Re: [HACKERS] Optimizer fails?

From
dg@illustra.com (David Gould)
Date:
Michal Mosiewicz:
> As I observed postgres scanned this database at rate of
> 100kBps(sequentially). Much less than the actuall I/O throughput on this
> machine.  Even when I prepared a condition to return no records it also
> scanned it sequentially, while it would cost only 20msec.

Well, now it looks like there is a bug or two:

 - 100kBps(sequentially) is way too slow. If you have time, try profileing
   (with gprof) this scan. We should be able to do much better than this.
   If you can't do it, we might want to put "Improve sequential scan rate"
   on the todo list.

 - a "select count(*) from x where <some_index_col> <some_qual>"
   should use the index.

> Anyhow... I have to admit that similiar question asked to mysql takes...
> mysql> select count(*) from log where dt < 19980209000000 and
> dt>19980208000000;
> +----------+
> | count(*) |
> +----------+
> |    26707 |
> +----------+
> 1 row in set (7.61 sec)
>
> Of course, if I ask it without the index it takes ~3 minutes. That's why
> expected that postgres would make some use of index. (The table is in
> both cases the same).

Just out of curiosity, how long do these queries take in MySQL vs postgreSQL?

Thanks
-dg

David Gould            dg@illustra.com           510.628.3783 or 510.305.9468
Informix Software  (No, really)         300 Lakeside Drive  Oakland, CA 94612
 - Linux. Not because it is free. Because it is better.



Re: [HACKERS] Optimizer fails?

From
Michal Mosiewicz
Date:
David Gould wrote:

>  - 100kBps(sequentially) is way too slow. If you have time, try profileing
>    (with gprof) this scan. We should be able to do much better than this.
>    If you can't do it, we might want to put "Improve sequential scan rate"
>    on the todo list.

OK. I'll profile it as soon as I find some spare moment.

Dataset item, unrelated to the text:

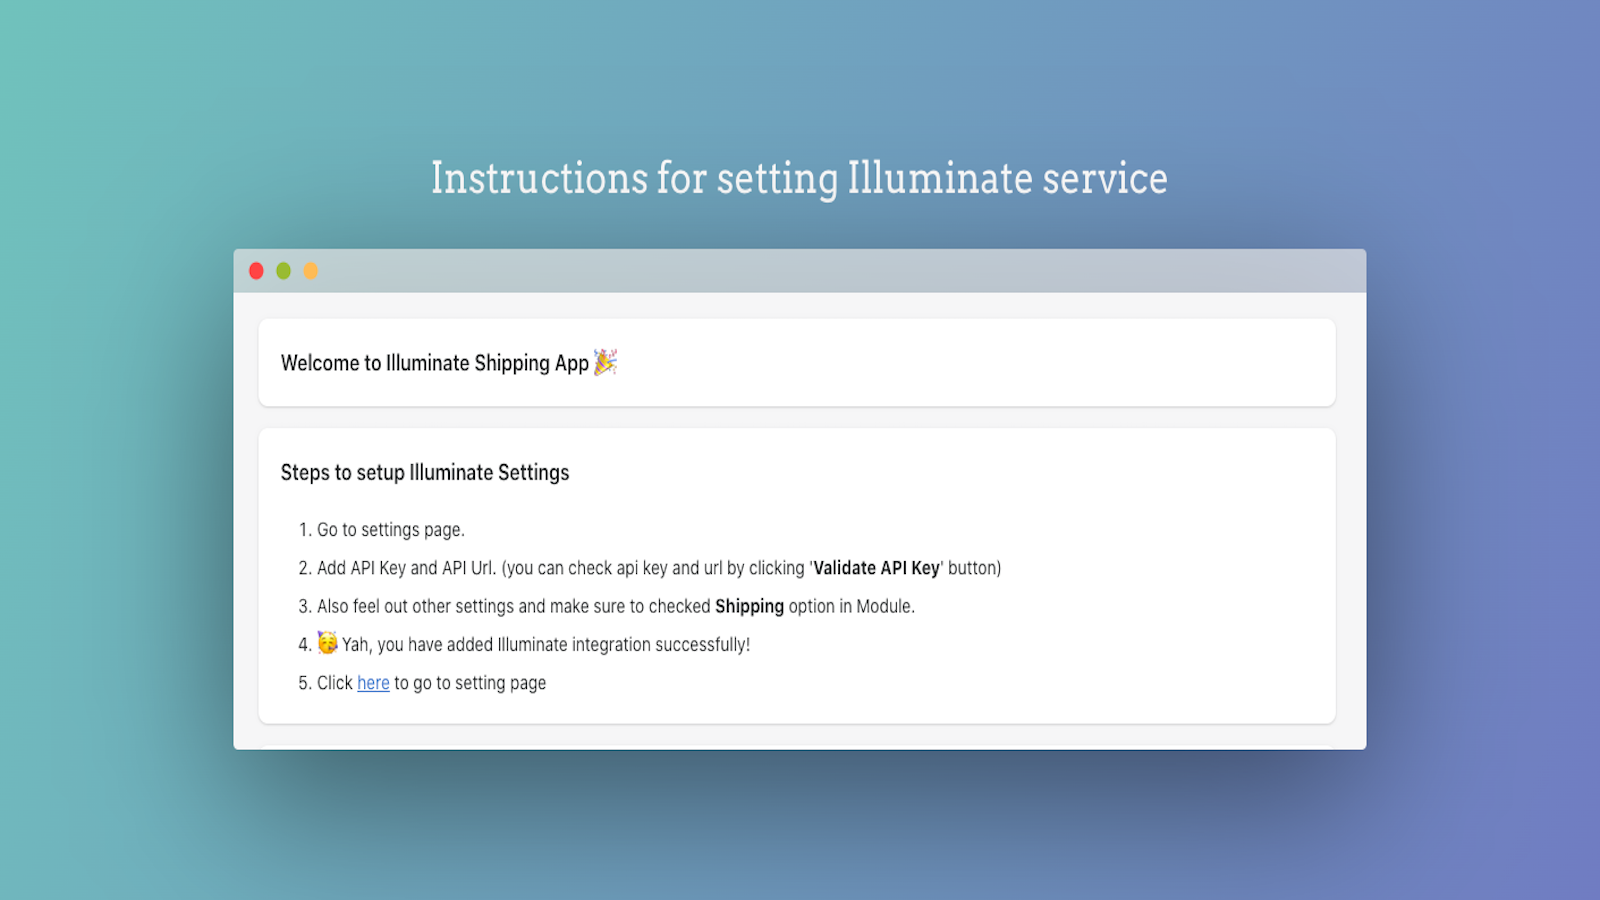 Settings screen instruction for illuminate settings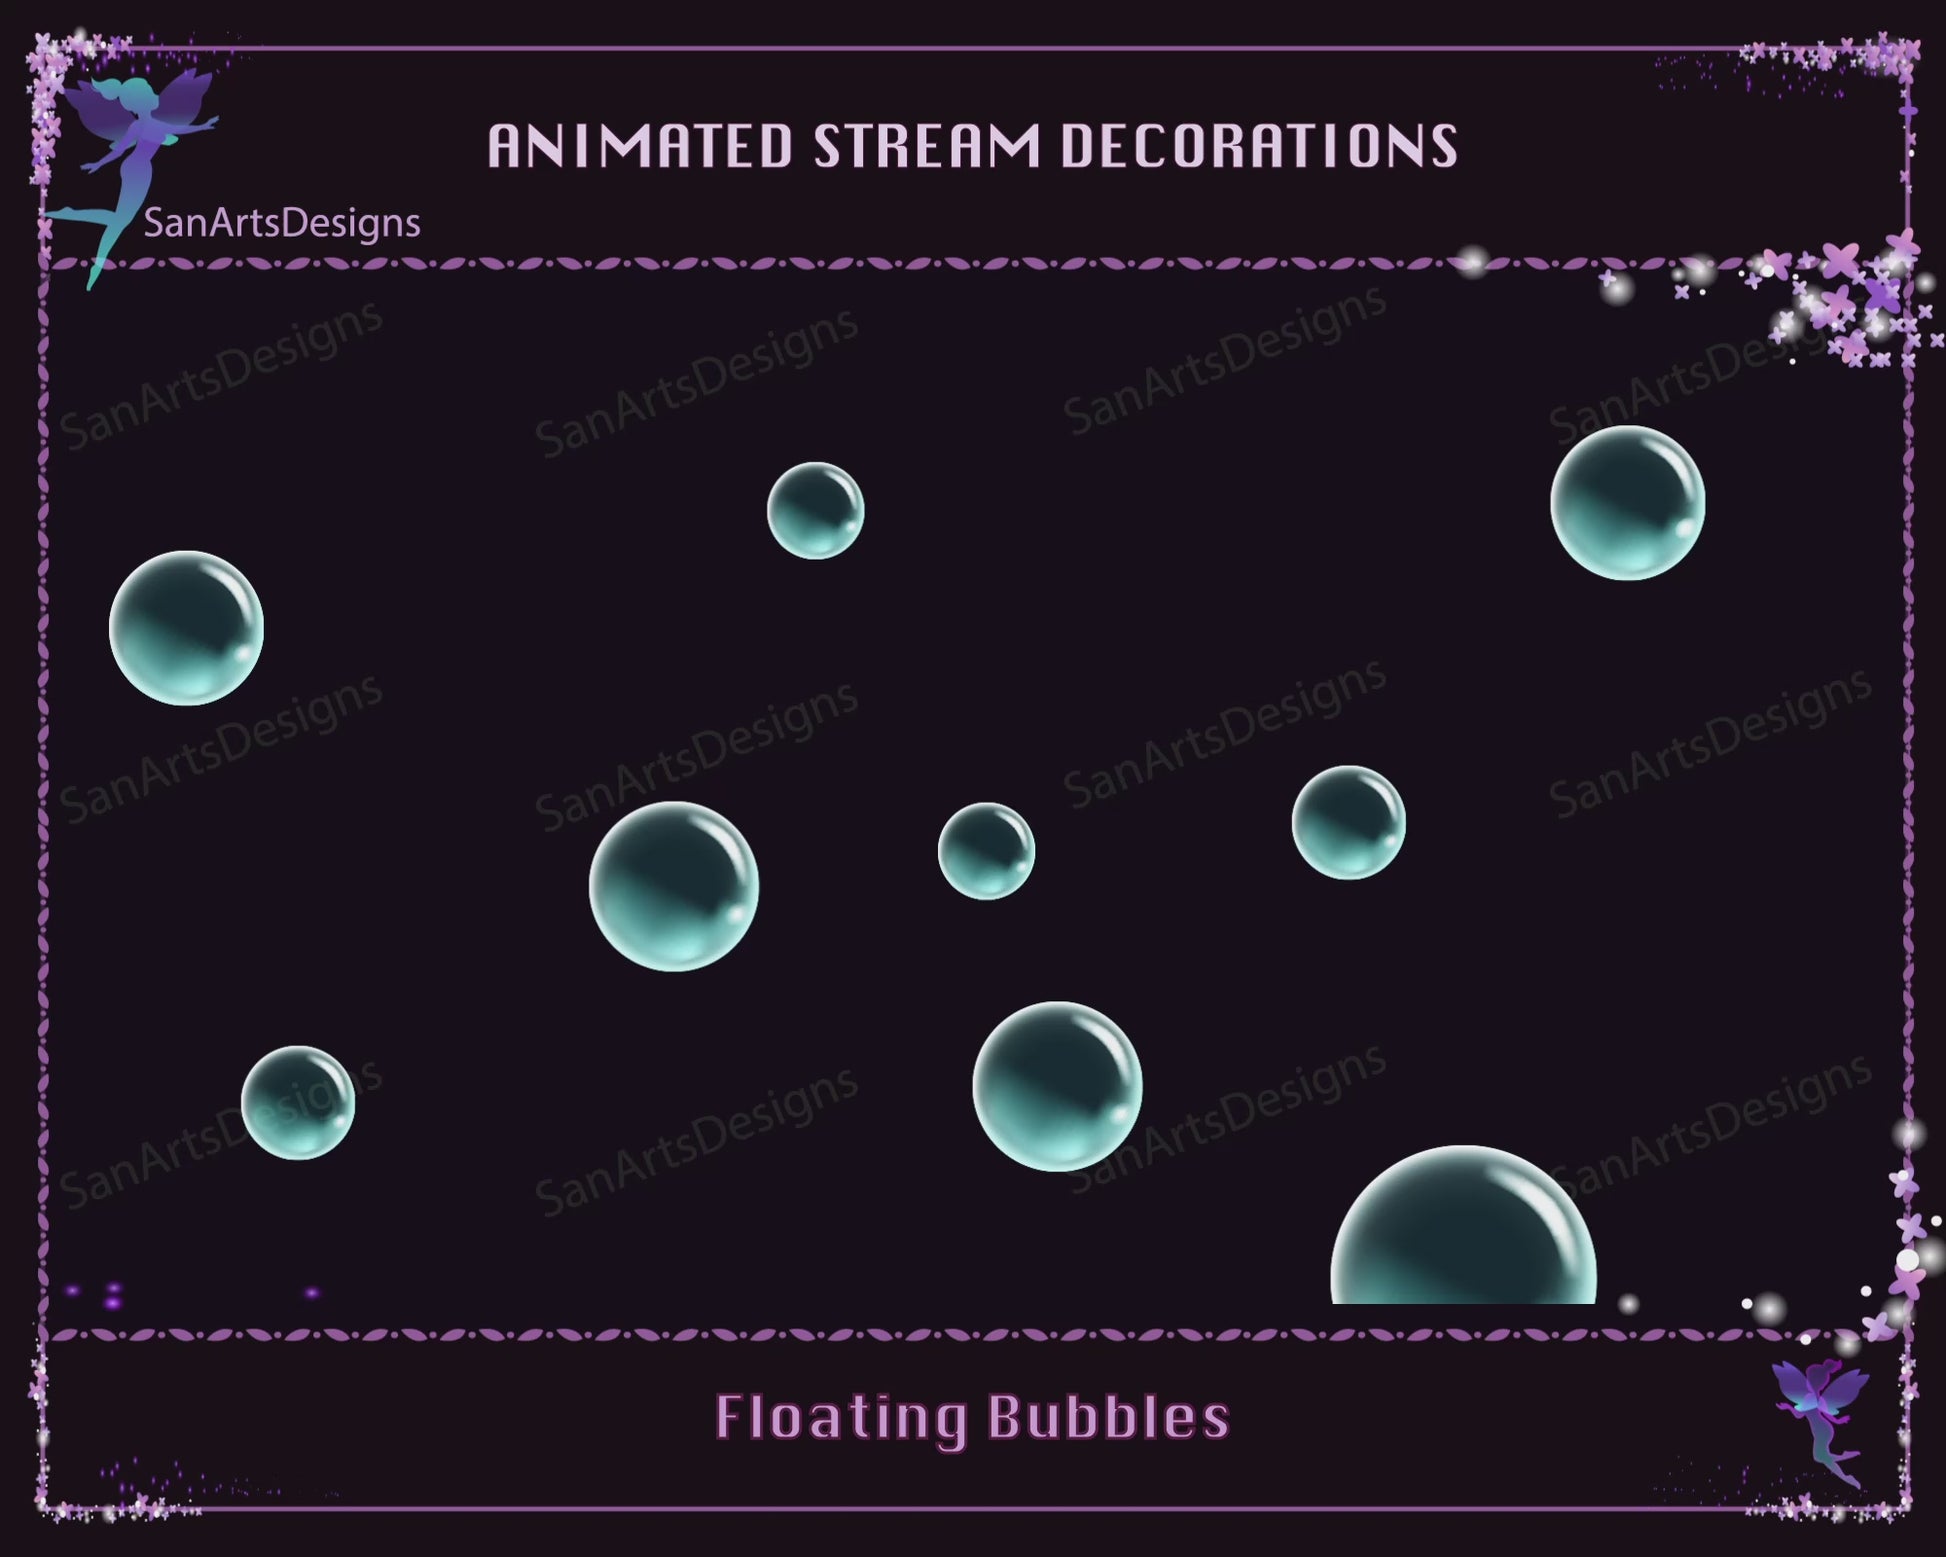 Floating Bubbles Animated Stream Decoration

> > Of course, if I ask it without the index it takes ~3 minutes. That's why
> > expected that postgres would make some use of index. (The table is in
> > both cases the same).
>
> Just out of curiosity, how long do these queries take in MySQL vs postgreSQL?

MySQL seems to be aproximately 20 times better. Using a sequential scan
I can obserwe on IO monitor that it's able to read 2-5MB/s. (This is
two-disk RAID0 configuration, that has maximum throughput of 10MBps).

Of course,  you have to remember that mySQL has much simpler storage due
to lack of some features like transactions. I've read some Monty's (the
author) thoughts on transactions. He says that introducing transactions
would lower the performance at least 4-5 times (even read performance).

Now, I've downloaded personal version of Solid that I'm also going to
compare. What I personally find very interesting in Solid is it's
optimistic locking. Actually it means no locking at all. Solid seems to
have non-overwritting feature much like postgres. But this
non-overwritting feature is limited to not-checkpointed-yet data in
buffers (logs). Also, it maintains an internal structure called 'Bonsai
Tree', that includes all transaction's with their time. If there is a
collision between data it is deducted from this bonsai tree structure,
and then the latest transaction is rolled back.

By using systematic checkpointing it makes sure that those structures
are relatively small and conflicts are resolved quickly.

Of course, don't treat it as comparisions between postgres and
commercial product. I just want to share it as a kind of 'food for
thoughts'.

Mike

--
WWW: http://www.lodz.pdi.net/~mimo  tel: Int. Acc. Code + 48 42 148340
add: Michal Mosiewicz  *  Bugaj 66 m.54 *  95-200 Pabianice  *  POLAND

Re: [HACKERS] Optimizer fails?

From
"Vadim B. Mikheev"
Date:
David Gould wrote:
>
> > Now, let's note, that there has been only a few IO transfers by now. No
> > more than few pages. And we have tupple identifiers pointing us to 64
> > records. Now we may sort this tids in ascending order to optimise IO.
>
> But, we do not do this tid sort. It really isn't easy as you might have
> millions of tids, not just a few. Which would mean doing an external sort.
> This might be a nice thing to do, but it isn't there now as far as I know.

Using TID as (last) part of index key is on my TODO.
This will speed up vacuuming, get rid of all duplicate key
problems and give us feature above.

> To scan the index to get the tids for keys 0...63 will take two page
> reads: root page, leaf1.

+ meta page read first - to get root page block number.

Vadim